You can’t beat the system, but if you play your cards well, you can improve your chances of some dreaded ulcer in your kidneys or other horrors brought to us by the wonders of modern medicine.

If these guys cannot come up with a pill to relieve back pain, do we really expect them to cure cancer?

I went to a pain doctor, recommended by several other doctors, seeking advice on the optimum use of current medications.

He burst into the spacious room for undersized patients and began to deliver a TED talk about back problems.

He was like a narcissist on Adderall.

After ten or fifteen minutes, I asked, “Do you want to know why I am here?”

****************

Then we have the group who cannot resist their phones.
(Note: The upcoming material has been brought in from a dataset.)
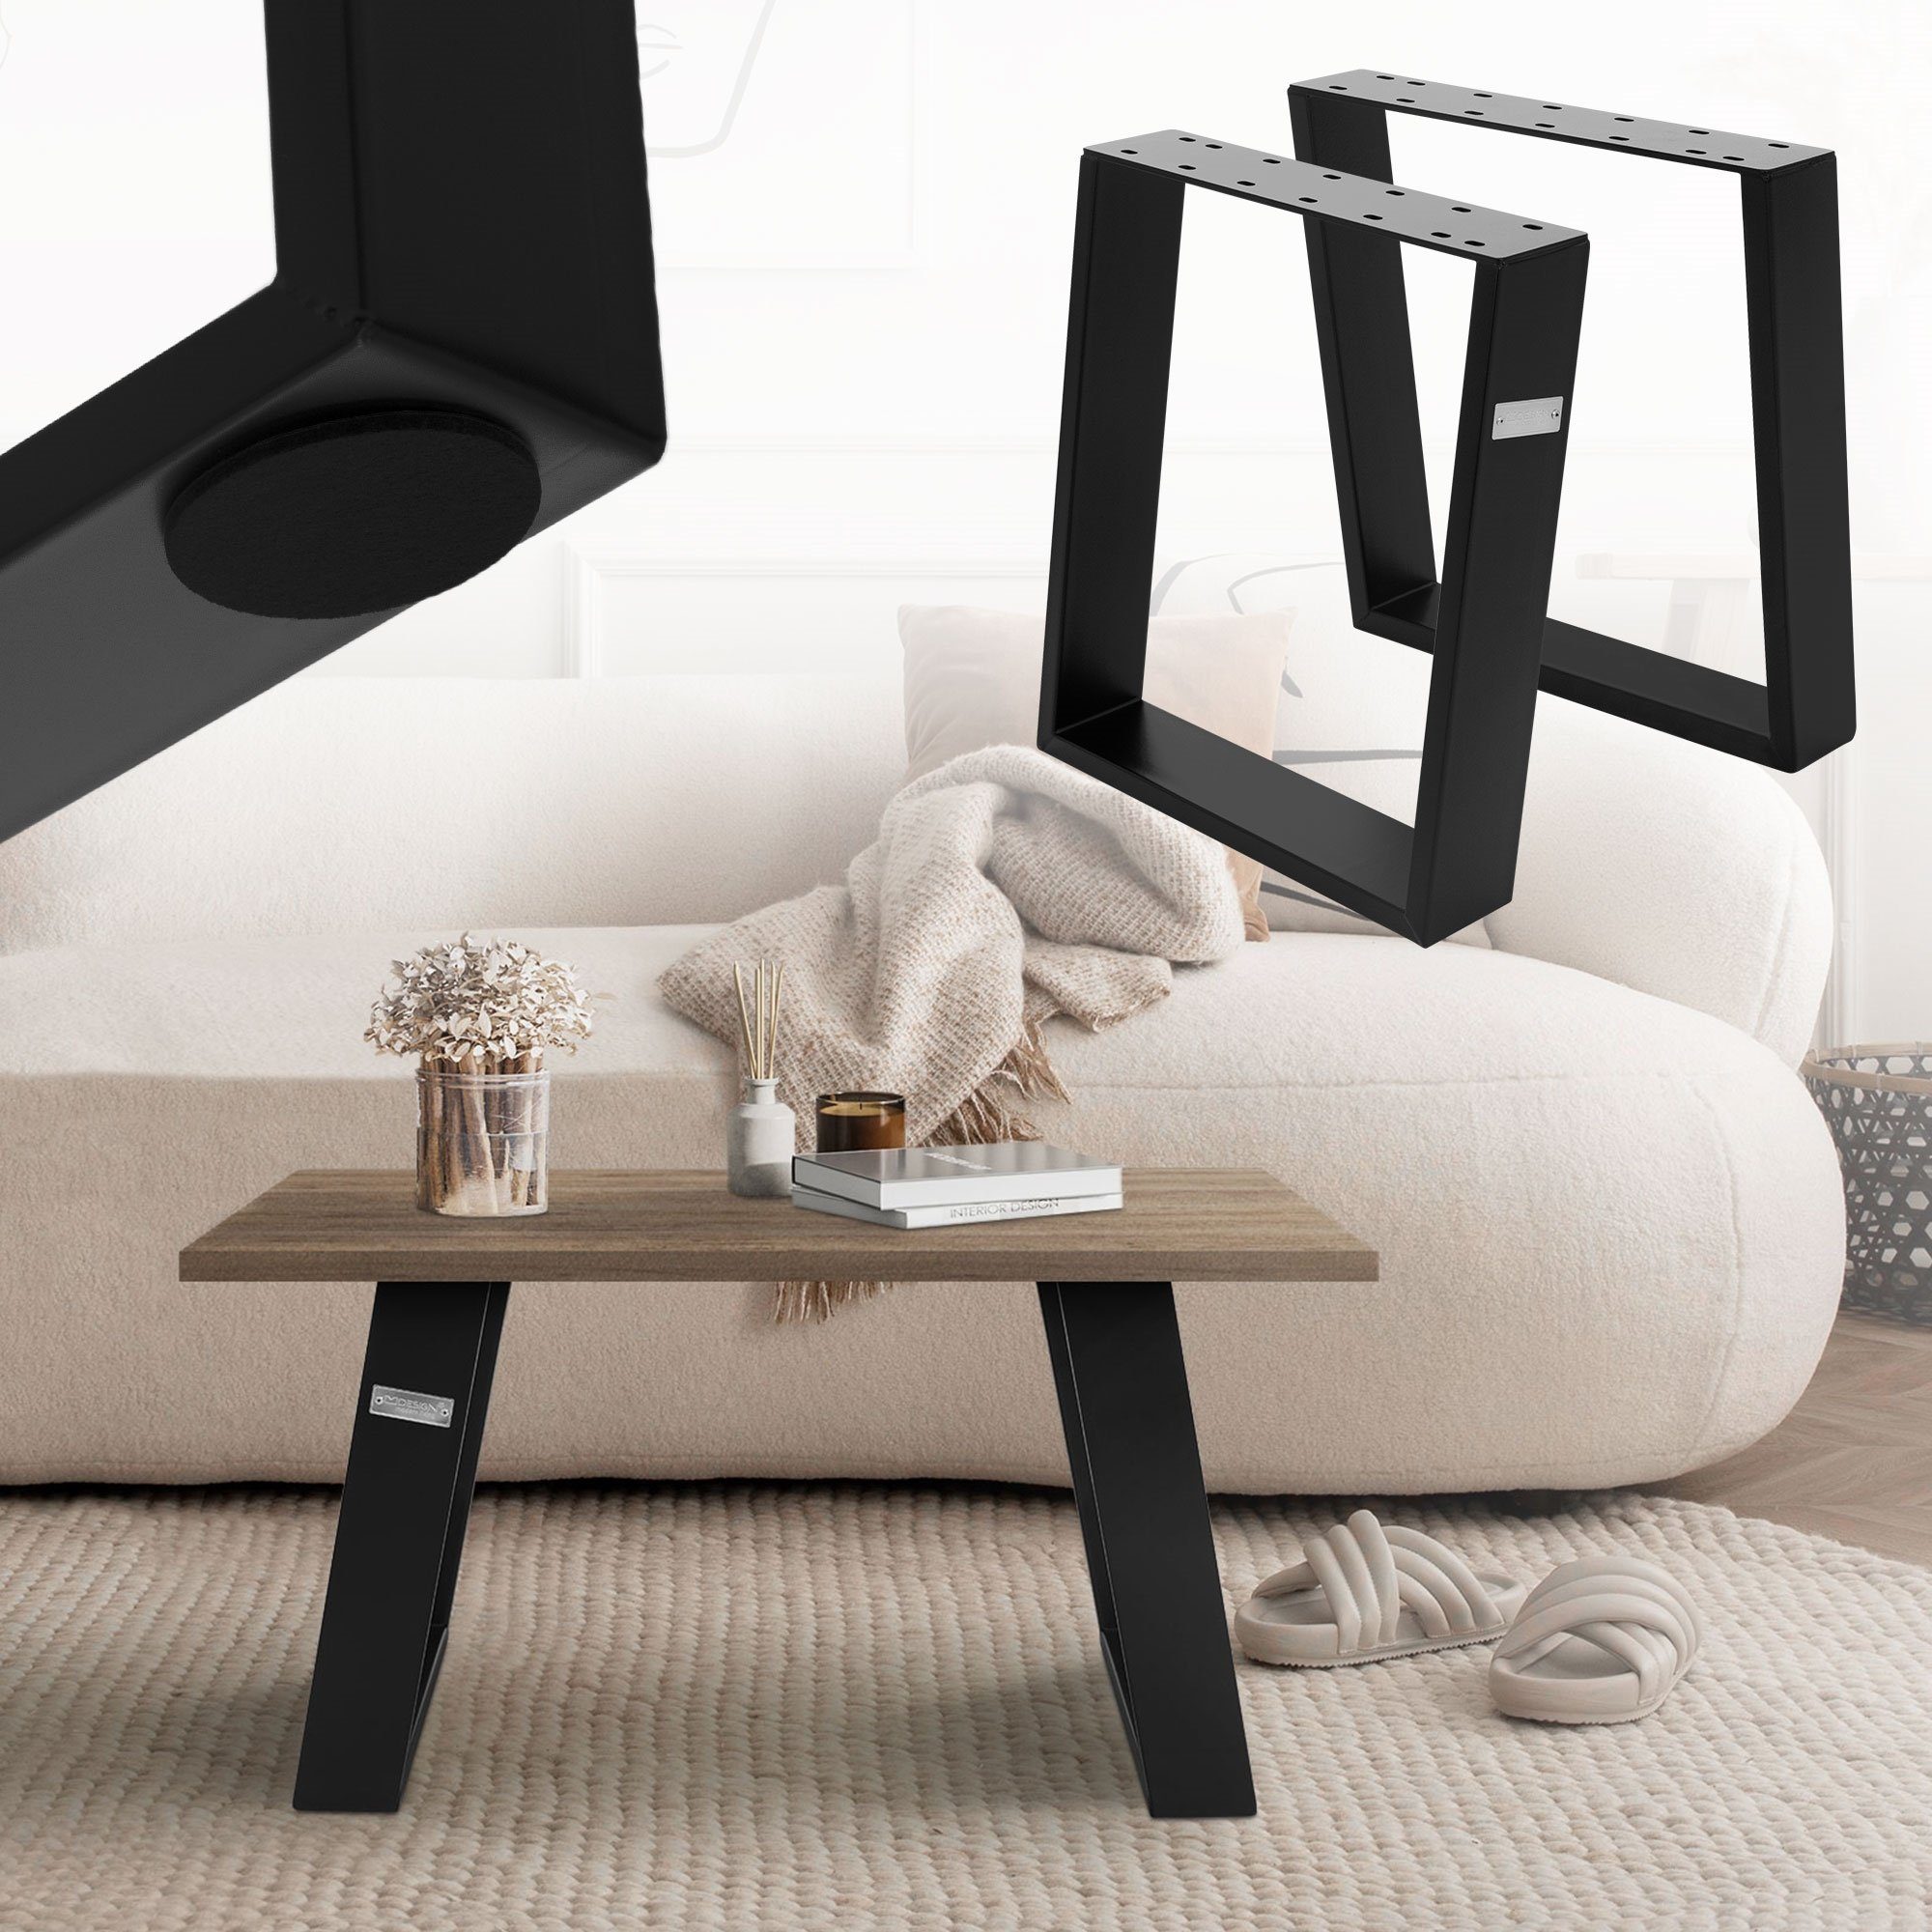 Möbelfüße Schwarz ML-DESIGN Tischbein Tischuntergestell geneigt 80GRAD Couchtisch, für 2er Tischgestell 40x43cm Möbelkufen Set Neigung aus Stahl

I referred a woman to a therapist.

One day she was in a session with him, his cell phone rang, and he took the call. 

She fired him on the spot.

How many lunches have I sat through with people who interrupted the flow of our conversation numerous times by taking what were clearly non-emergency calls?

****************

I once had a friend.

When I went to his office, if his phone rang, he took every call, leaving me on indefinite hold while he ignored me.

If I called him on the phone (this was back in the days of landlines and “call waiting”) and received another call, it was the same deal.

One day, I got enough.

We haven’t spoken in years.

****************

This is not that hard!

People want your undivided attention, if only so they get to their naps on time.

Anyone who does not understand the importance of “undivided attention” never had a small child or a hungry cat.

If you are in a face-to-face meeting with me, make eye contact; otherwise, I worry that I may look like a Minotaur.

****************

In addition to eye contact failures, conversation dominators, phone junkies, and intentionally negligent restaurant personnel, in future installments, I will explore more comments and tips about better connecting, including:

·     Enunciating.

·     Speaking slowly in brief sentences.

·     Explicating technical terms.

·     Repeating yourself.

·     Repeating yourself (yes, that was intentional!)

·     Looking for cues that the listener understands what you are trying to say.

·     Mirroring behavior (good story here).

Remember: a chasm lies between intent and understanding.

I’ll have more to say about this – after my nap!

Drilling Down 

·     Connecting with Self and Others: Miller, Wackman, Nunnally, and Miller (1992).

·     Face to Face: The Art of Human Connection by Brian Glazer (2019).

·     How to Know a Person: The Art of Seeing Others Deeply and Being Deeply Seen by David Brooks (2023).